This movement succeeded in allying with the New Generation Party, a Kurdish opposition party that won nine seats, under the name "Alliance for the People". However, it has not succeeded in including the independents, even those emanating from the Tishreen Movement, despite its involvement in several negotiations and initiatives to unite them in one alliance.

Although the movement was able to find its way through the grip of the traditional dominant political forces, it stumbled due to a number of mistakes that were considered a political failure by some, including:

First: The movement does not have a document describing itself, through which it defines its classification, form, and the nature of its alliances, which keeps their point of view and their agenda toward political, economic and social issues afloat.

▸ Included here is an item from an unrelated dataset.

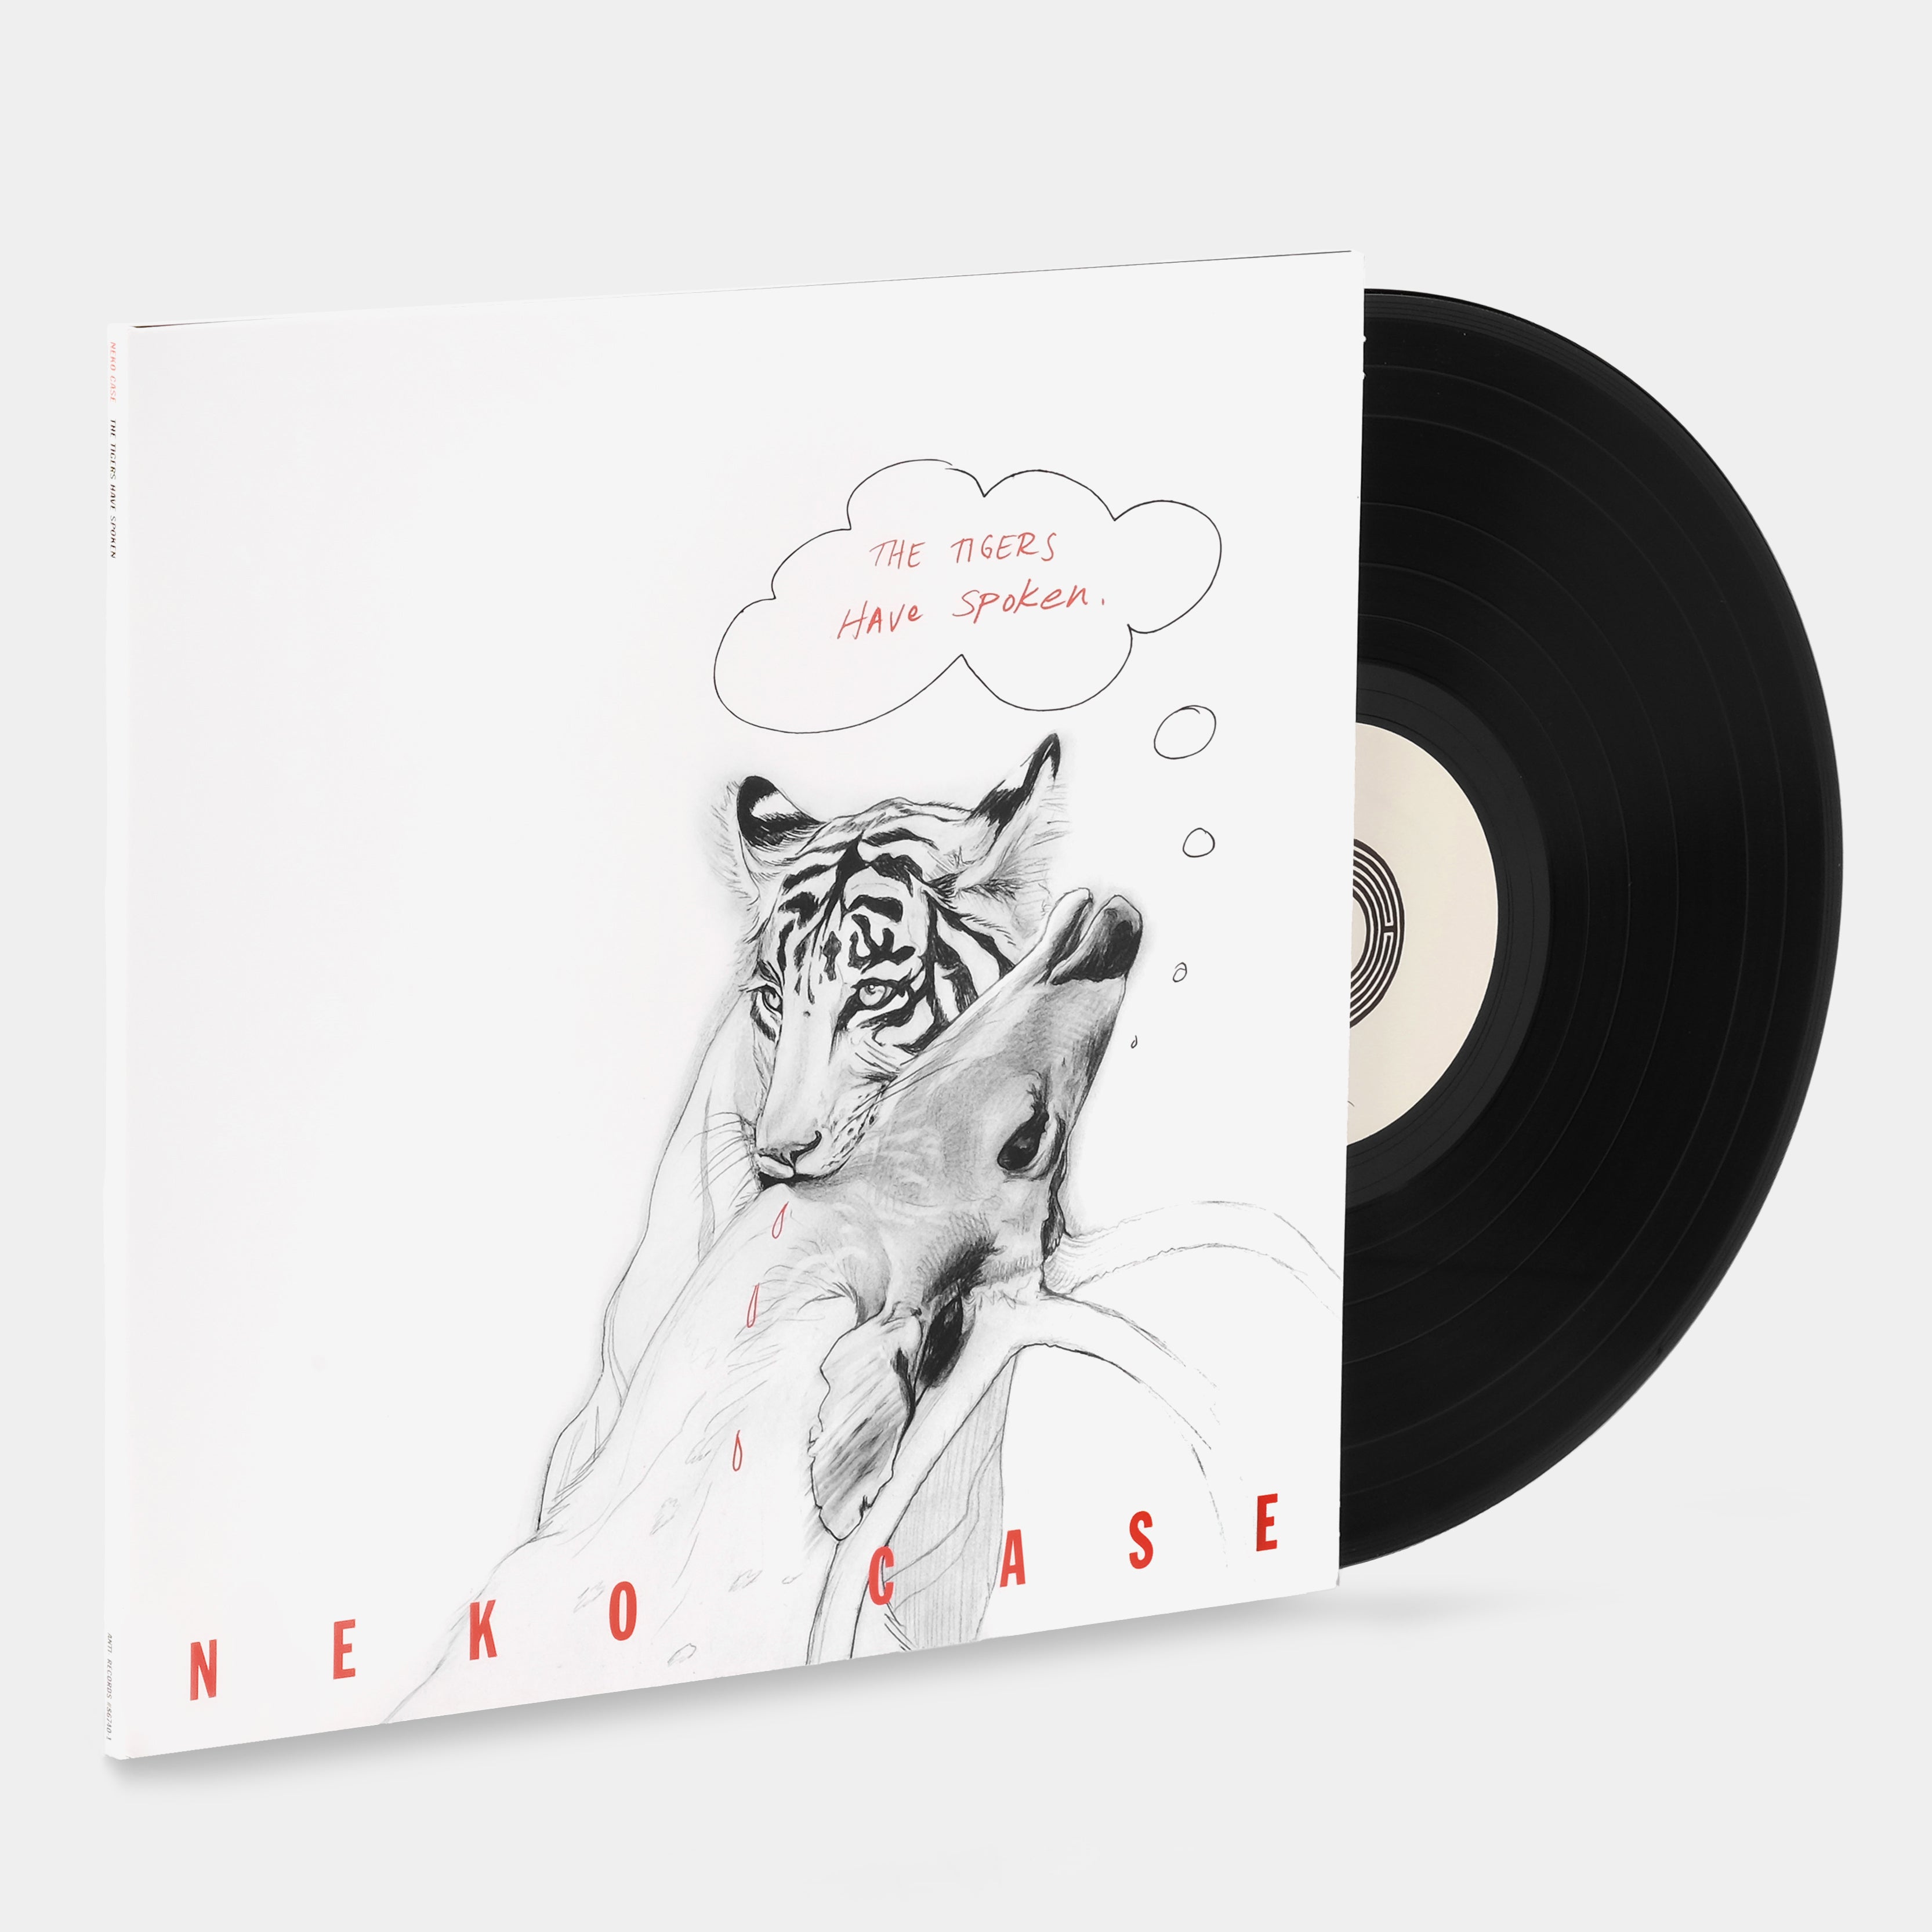 Neko Case - The Tigers Have Spoken LP Vinyl Record

Second: Some believe that the decisions made by the movement since its entry into the parliament (as previously mentioned), are nearly impossible and it may not be able to translate them from “words into action,” which would result in the movement’s inability to fulfill its promises to its supporters.

Third: The movement has not presented an integrated program for how it would practice opposition, after its refusal to participate in the next government, nor has it presented the mechanisms through which it would confront the political culture based on dealing with the authority, not the opposition.

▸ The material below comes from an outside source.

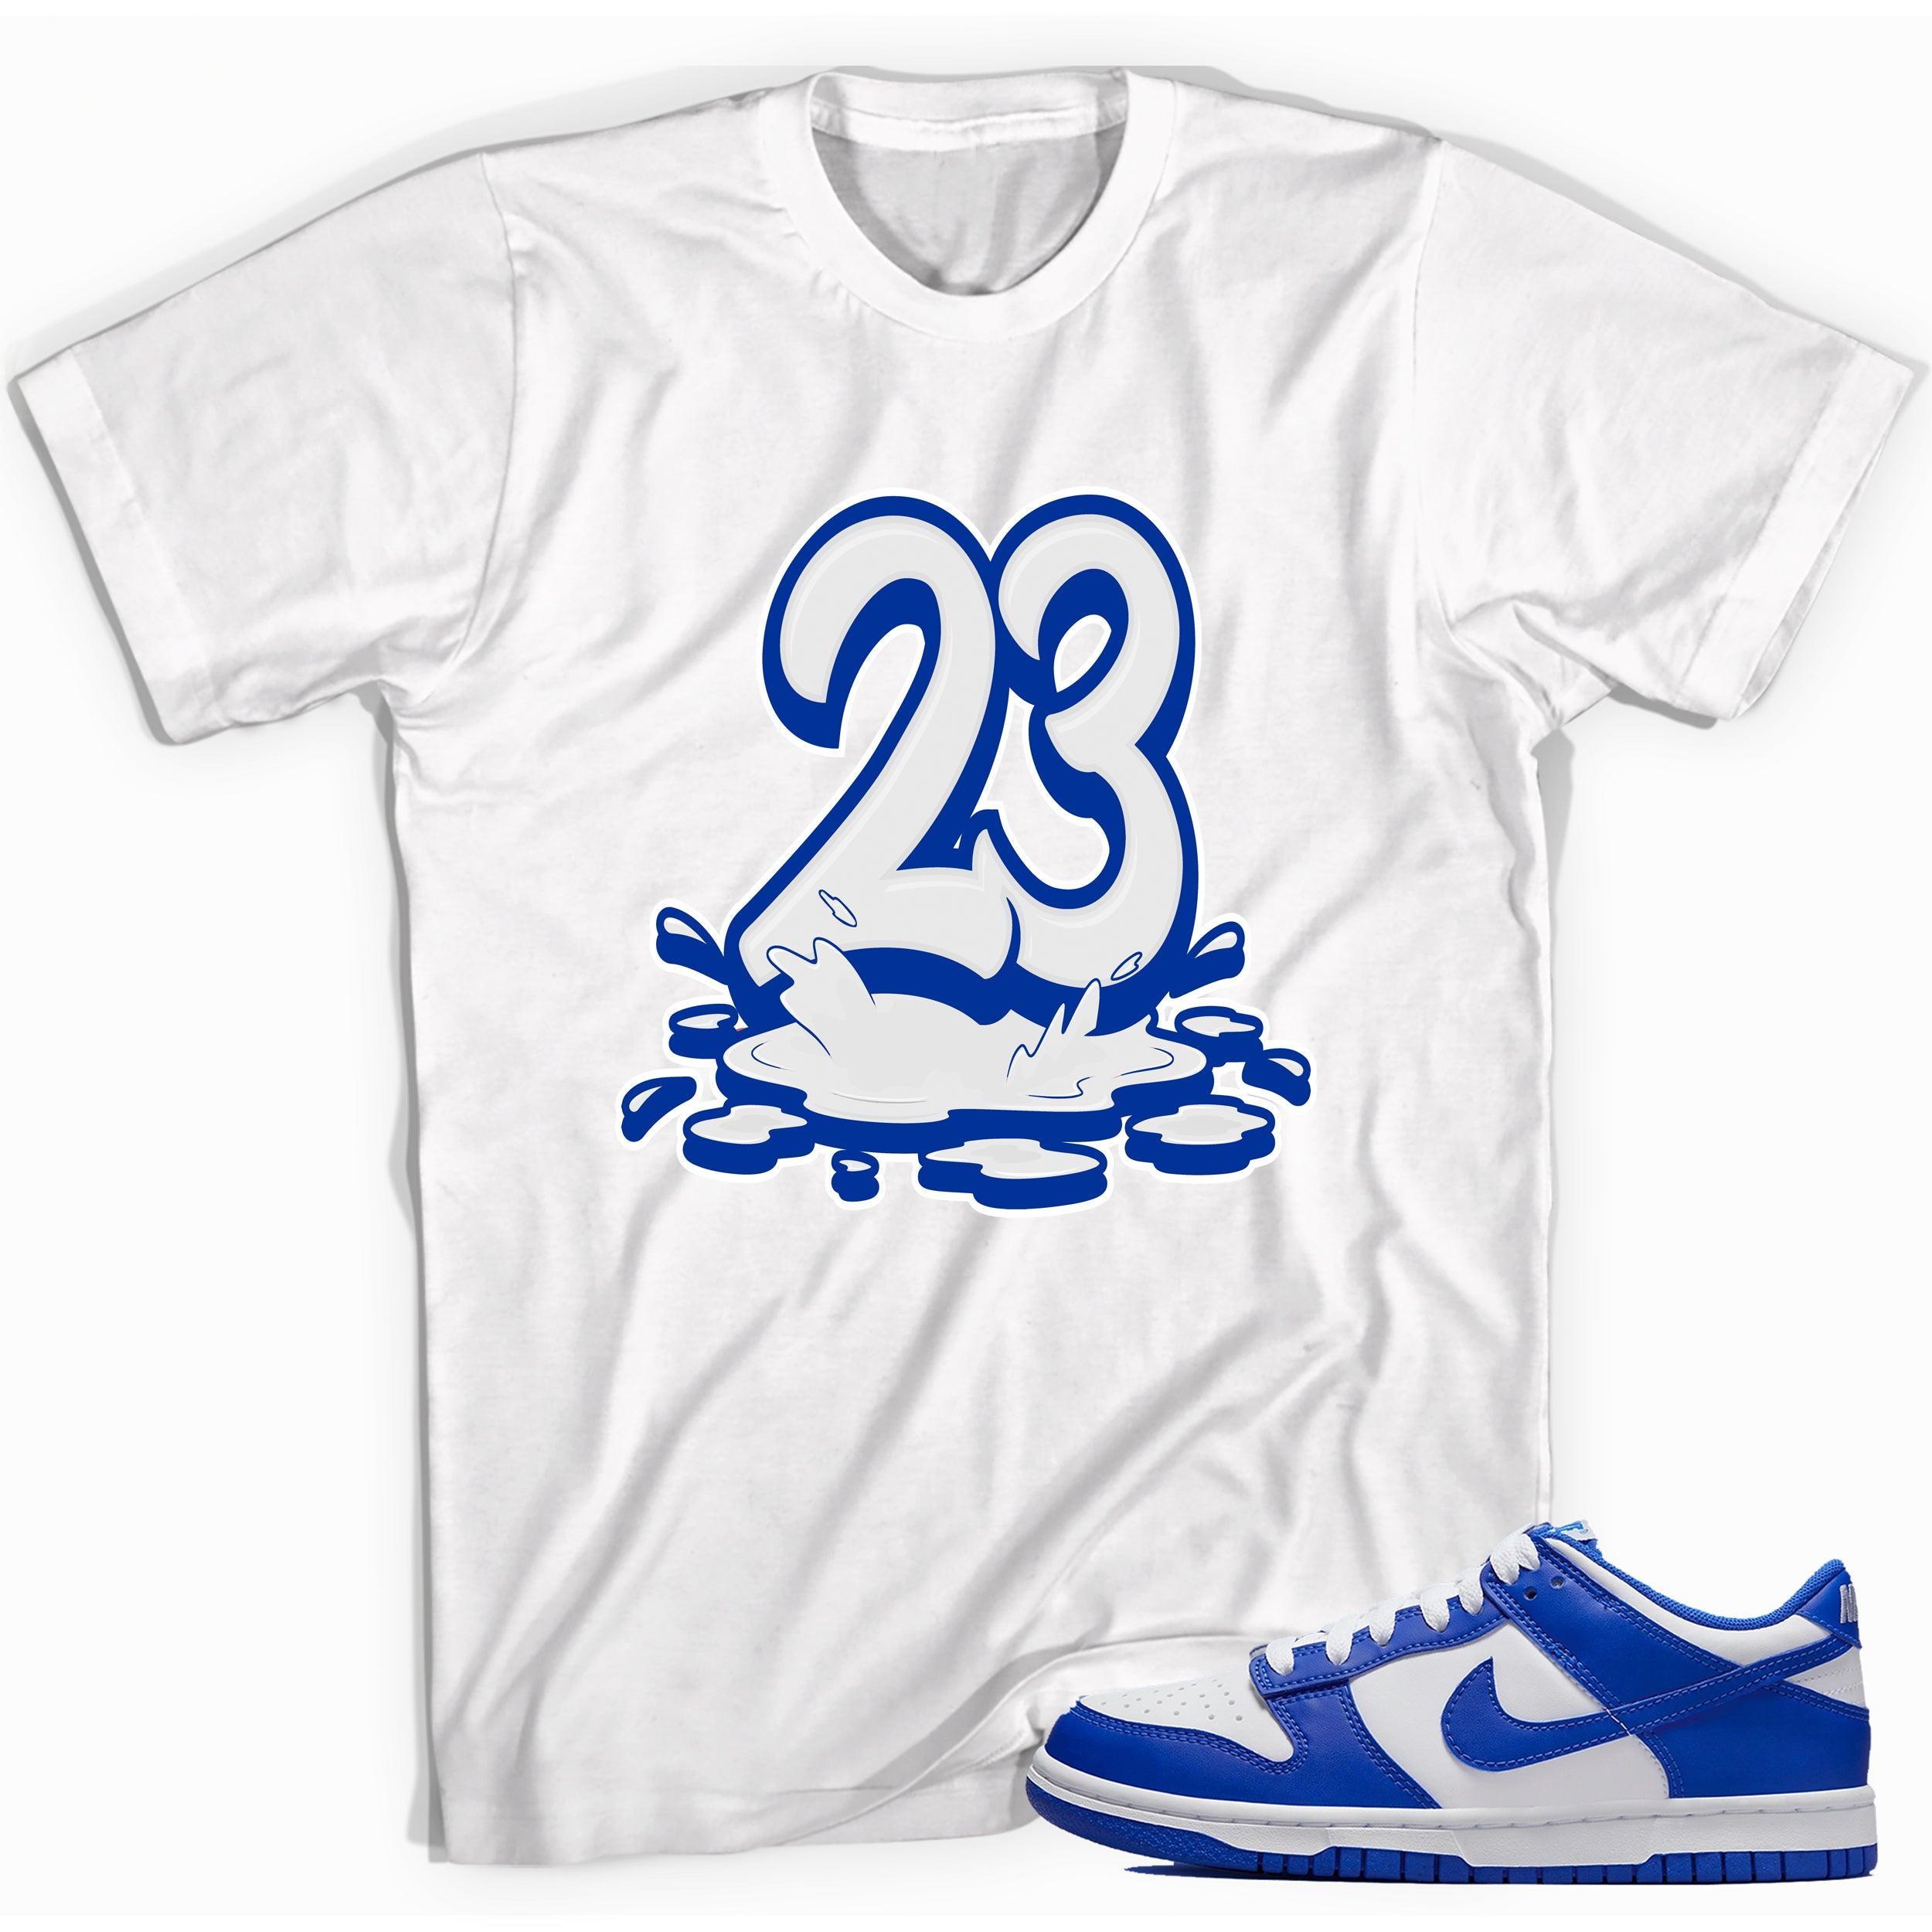 Number 23 Melting Shirt Nike Dunk Low Racer Blue photo

Fourth: It is noted that the movement is consistent with the logic of civility, in the face of traditional political forces, and as a result it faces accusations of deviating from taking into account the needs and services of its electoral bases.

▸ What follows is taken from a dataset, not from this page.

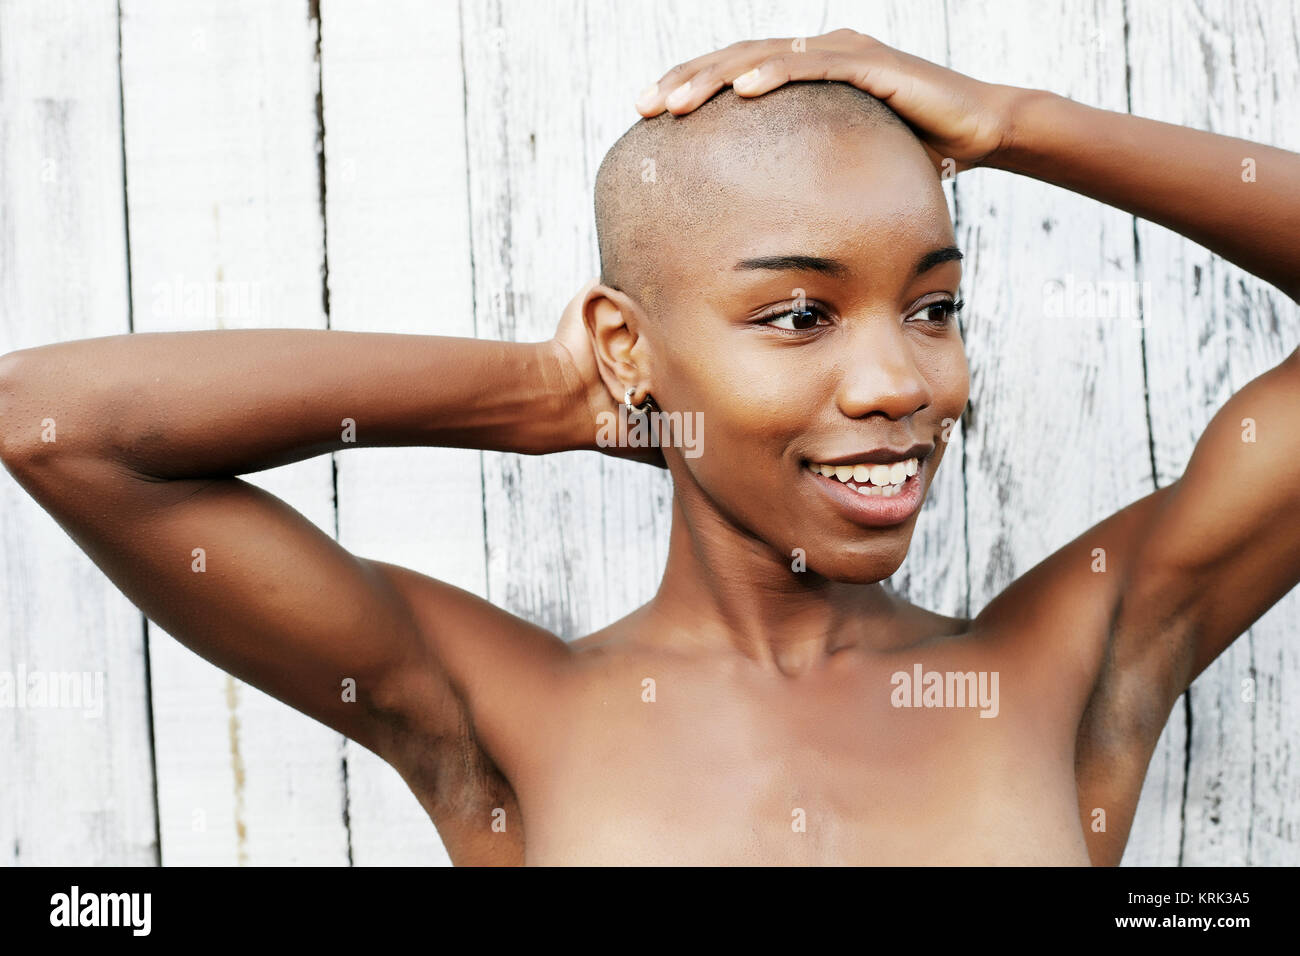 Close up of nude black woman rubbing bald head Banque D'Images

One of the results of these reasons is that it created a barrier that hinders the movement’s activity and work, as it created hope that it cannot live up to within a short time frame. uncertainty exists about its commitment to its decisions concerning not allying with the traditional forces. Their decisions have harmed the movement’s cohesion and reduced its flexibility in a changing and intertwined political environment, which was evident in the dismissal of the movement’s Secretary-General after suspicions – denied by the latter – of an alliance with the Sadrist movement, the greatest winner in the elections.

2- Ishraqa Kanon Block

The bloc is one of the emerging forces in Iraq, to which a group of academic elites and intellectuals belong. It was formed after the 2019 movement, following a speech by the representative of the religious authority in Karbala, in which he called on the elites “to form alternative lists that would undertake reform.”

The bloc was known to the public during the electoral race, and managed to win six seats in the new Council of Representatives. Some attribute the movement’s victory to its association with representatives in the religious authority, which the movement and the authority alike deny. The main reason for its arrival in Parliament may be its interest in including intellectuals in its electoral lists, selected from those who are not suspected morally or financially.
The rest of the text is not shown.